Let $$\vec{x}$$ be a vector in the plane containing vectors $$\vec{a} = 2\hat{i} - \hat{j} + \hat{k}$$ and $$\vec{b} = \hat{i} + 2\hat{j} - \hat{k}$$. If the vector $$\vec{x}$$ is perpendicular to $$(3\hat{i} + 2\hat{j} - \hat{k})$$ and its projection on $$\vec{a}$$ is $$\frac{17\sqrt{6}}{2}$$, then the value of $$|\vec{x}|^2$$ is equal to ________.

The vector $$\vec{x}$$ lies in the plane of $$\vec{a} = 2\hat{i} - \hat{j} + \hat{k}$$ and $$\vec{b} = \hat{i} + 2\hat{j} - \hat{k}$$, so we can write $$\vec{x} = \lambda\vec{a} + \mu\vec{b} = (2\lambda + \mu)\hat{i} + (-\lambda + 2\mu)\hat{j} + (\lambda - \mu)\hat{k}$$.

Since $$\vec{x}$$ is perpendicular to $$\vec{c} = 3\hat{i} + 2\hat{j} - \hat{k}$$, we have $$\vec{x} \cdot \vec{c} = 0$$: $$3(2\lambda + \mu) + 2(-\lambda + 2\mu) - (\lambda - \mu) = 0$$, giving $$6\lambda + 3\mu - 2\lambda + 4\mu - \lambda + \mu = 0$$, so $$3\lambda + 8\mu = 0$$, hence $$\lambda = -\frac{8\mu}{3}$$.

The projection of $$\vec{x}$$ on $$\vec{a}$$ is $$\frac{\vec{x} \cdot \vec{a}}{|\vec{a}|} = \frac{17\sqrt{6}}{2}$$. We compute $$|\vec{a}| = \sqrt{4+1+1} = \sqrt{6}$$.

So $$\vec{x} \cdot \vec{a} = \frac{17\sqrt{6}}{2} \cdot \sqrt{6} = \frac{17 \cdot 6}{2} = 51$$.

Now $$\vec{x} \cdot \vec{a} = \lambda|\vec{a}|^2 + \mu(\vec{a} \cdot \vec{b})$$. We compute $$\vec{a} \cdot \vec{b} = 2 - 2 - 1 = -1$$ and $$|\vec{a}|^2 = 6$$. So $$6\lambda - \mu = 51$$.

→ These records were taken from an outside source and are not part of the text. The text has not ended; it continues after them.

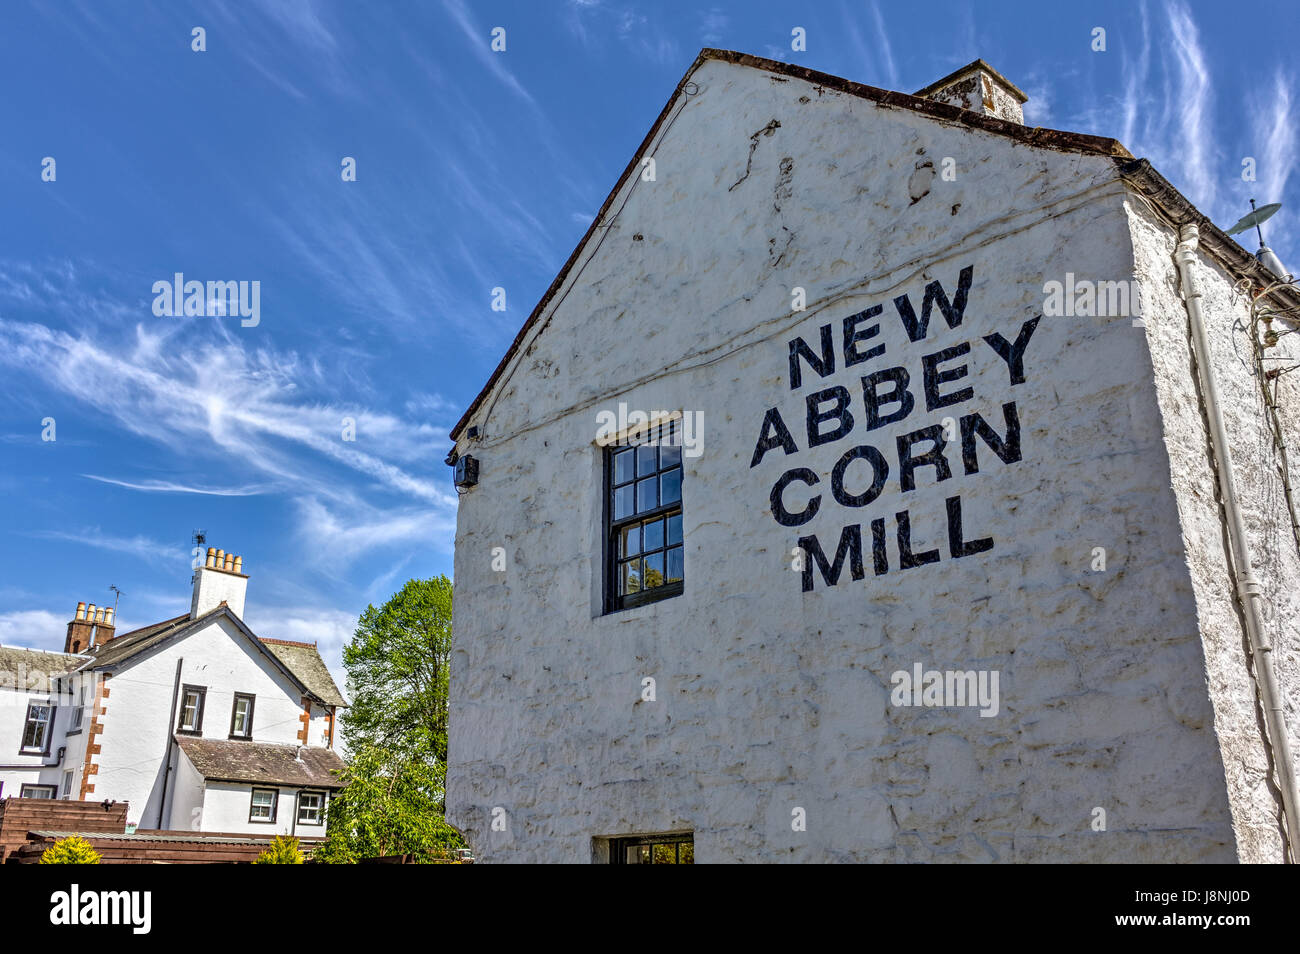 Xviii secolo Corn Mill, di proprietà di ambiente storico di Scozia e aperta al pubblico nel nuovo Abbey, Dumfries and Galloway, Scozia. Immagine hdr. Foto Stock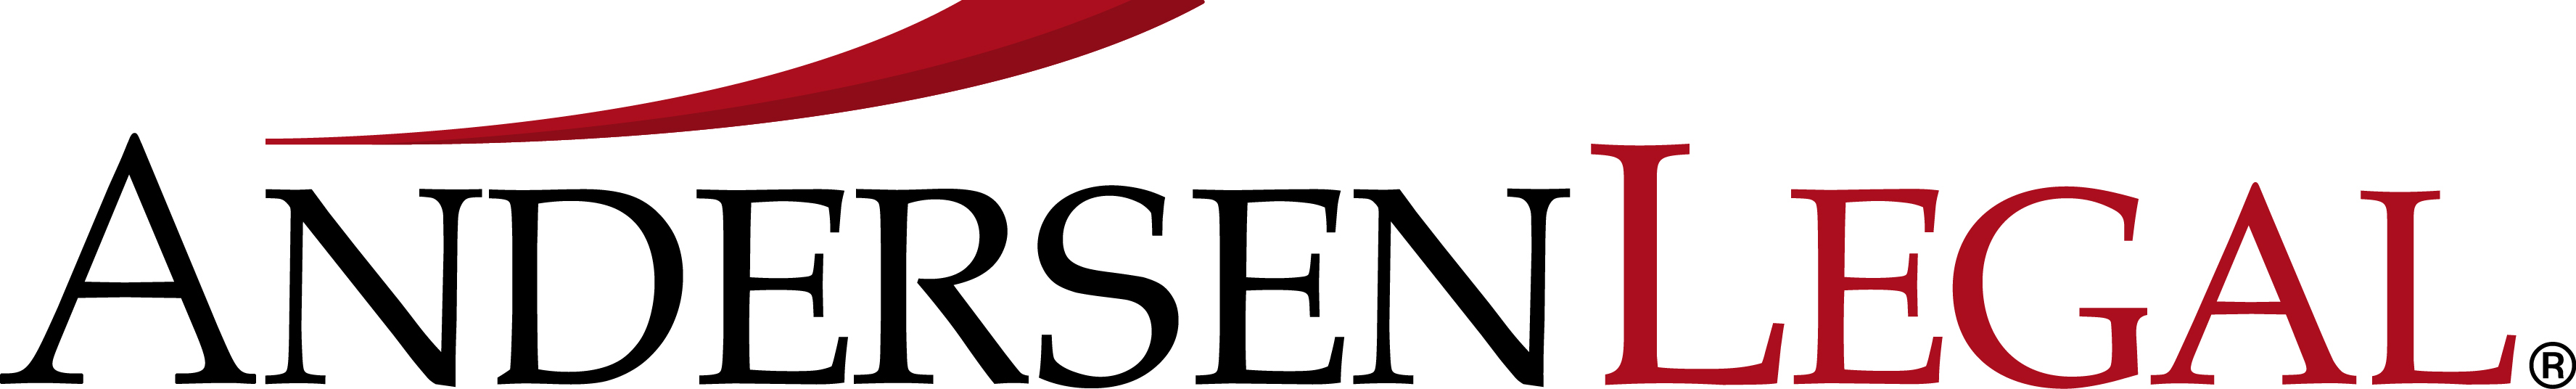 Andersen Legal logo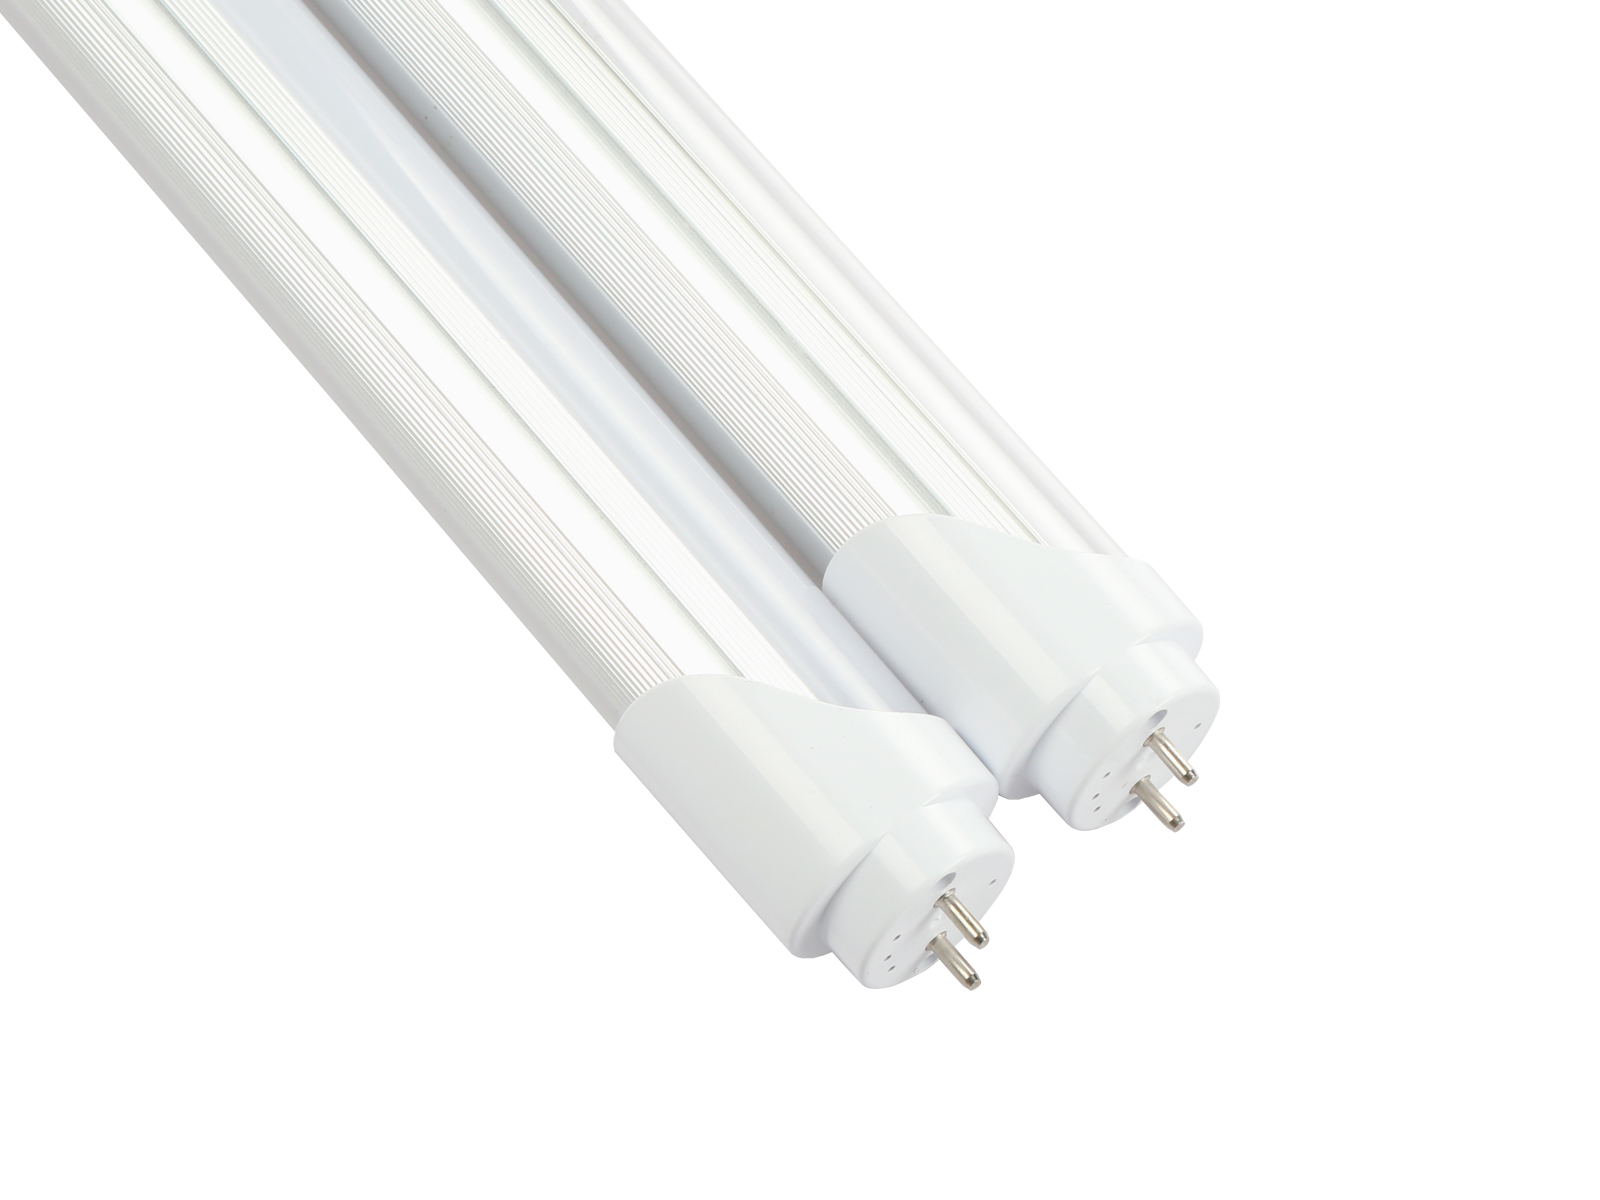 LED Batten Slimline Tube Light Wall/Ceiling Slim Natural Day White 5ft 1500mm 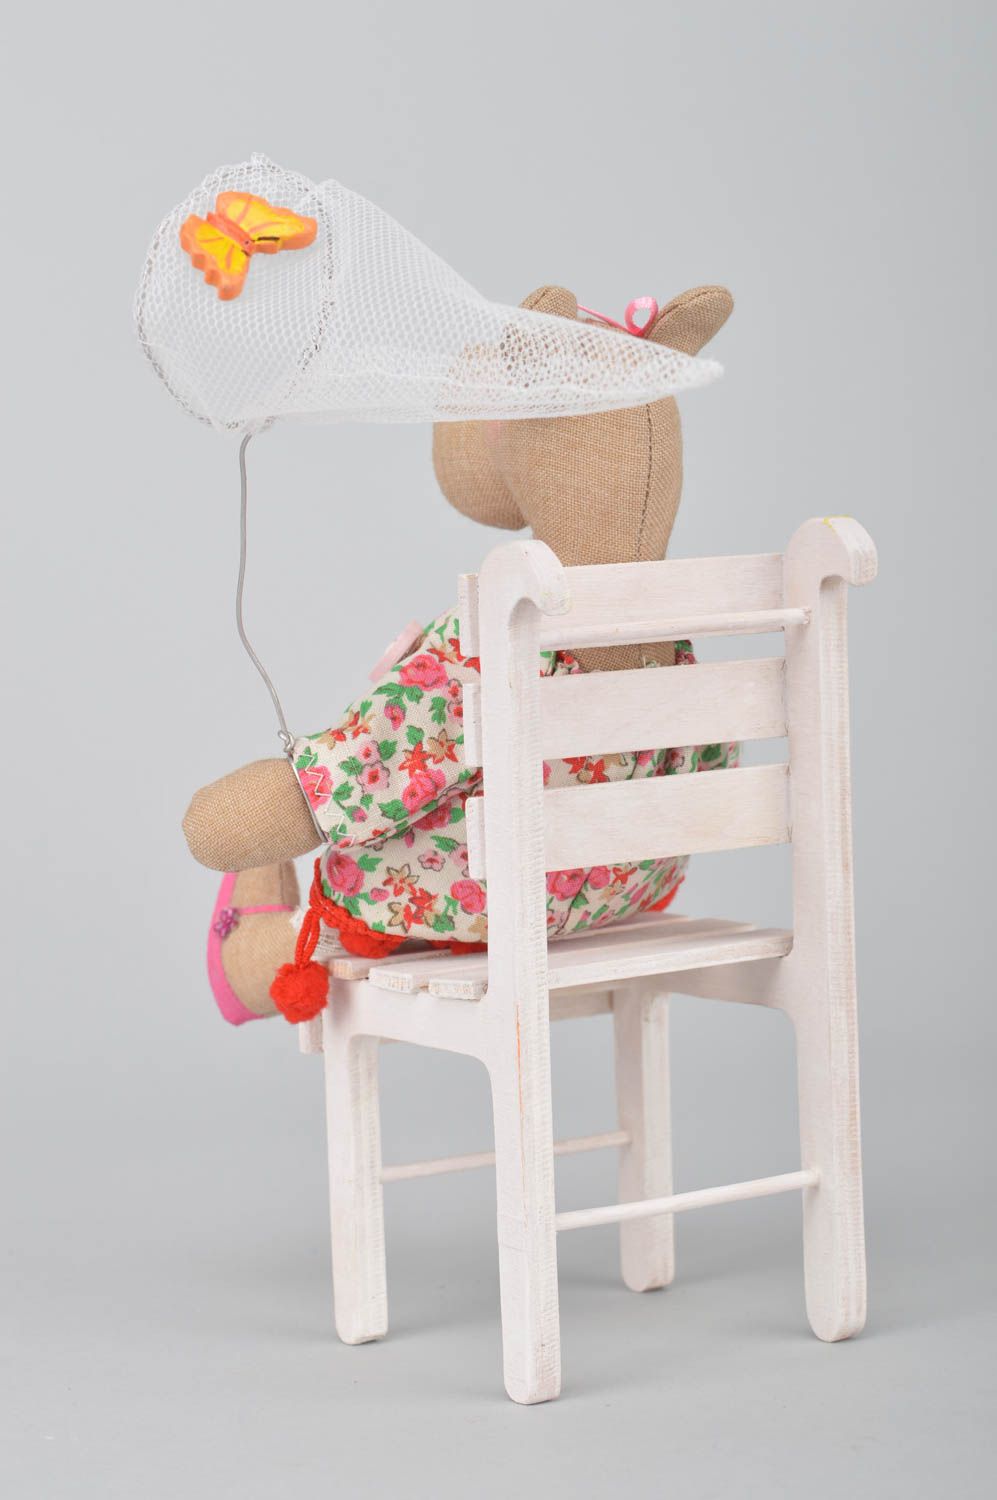 Мягкая игрушка ручной работы для дома из хлопка Бегемотик в платье на стуле фото 3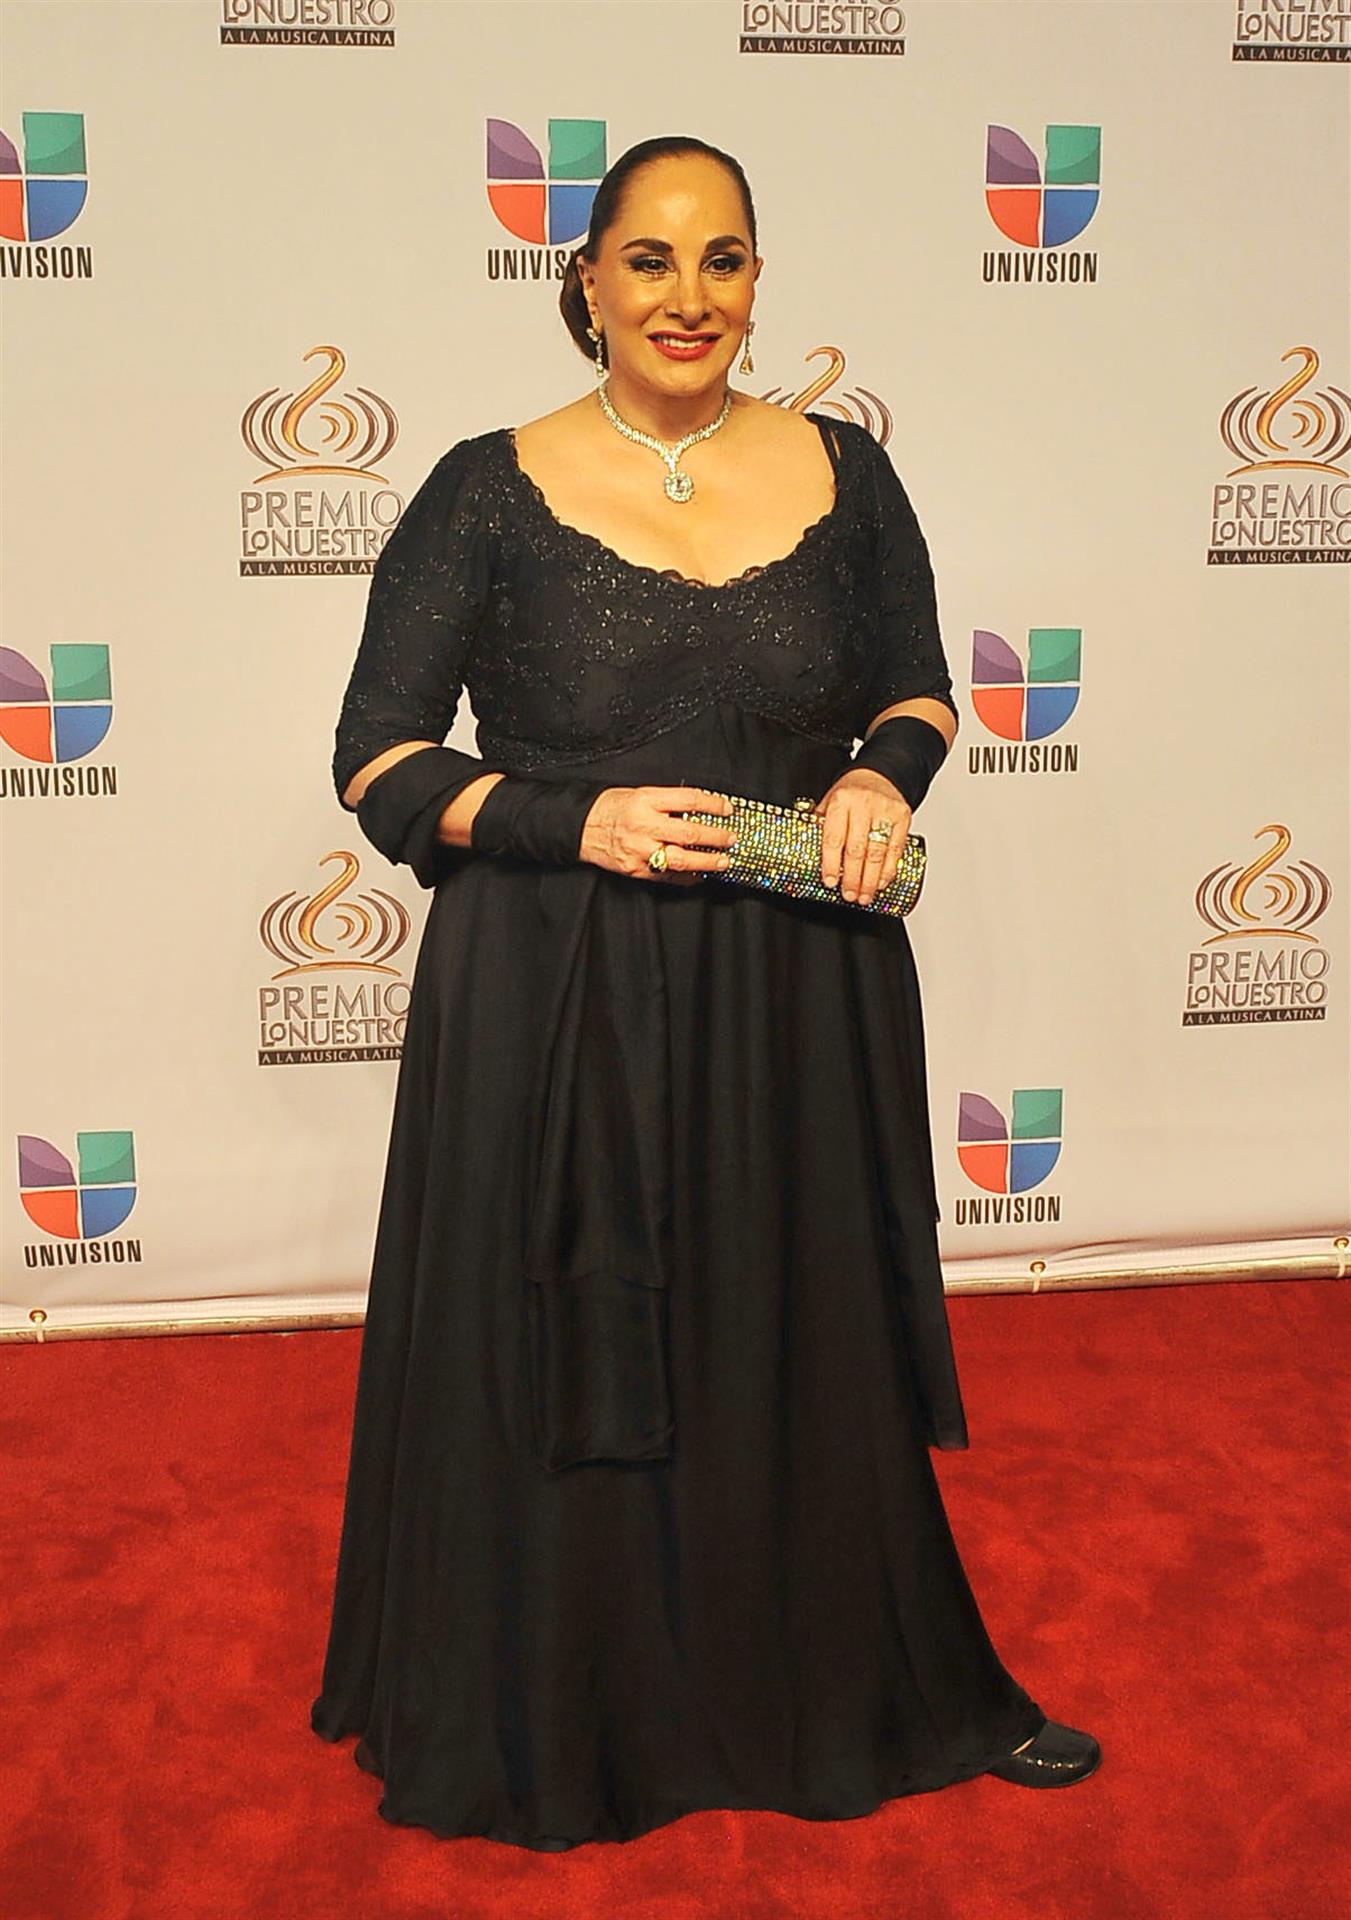 La actriz mexicana Susana Dosamantes, imagen de archivo. EFE/Gaston De Cardenas

Substituting $$\lambda = -\frac{8\mu}{3}$$: $$6 \cdot (-\frac{8\mu}{3}) - \mu = 51$$, giving $$-16\mu - \mu = 51$$, so $$-17\mu = 51$$, hence $$\mu = -3$$.

Then $$\lambda = -\frac{8(-3)}{3} = 8$$. So $$\vec{x} = (16 - 3)\hat{i} + (-8 - 6)\hat{j} + (8 + 3)\hat{k} = 13\hat{i} - 14\hat{j} + 11\hat{k}$$.

Therefore $$|\vec{x}|^2 = 169 + 196 + 121 = 486$$.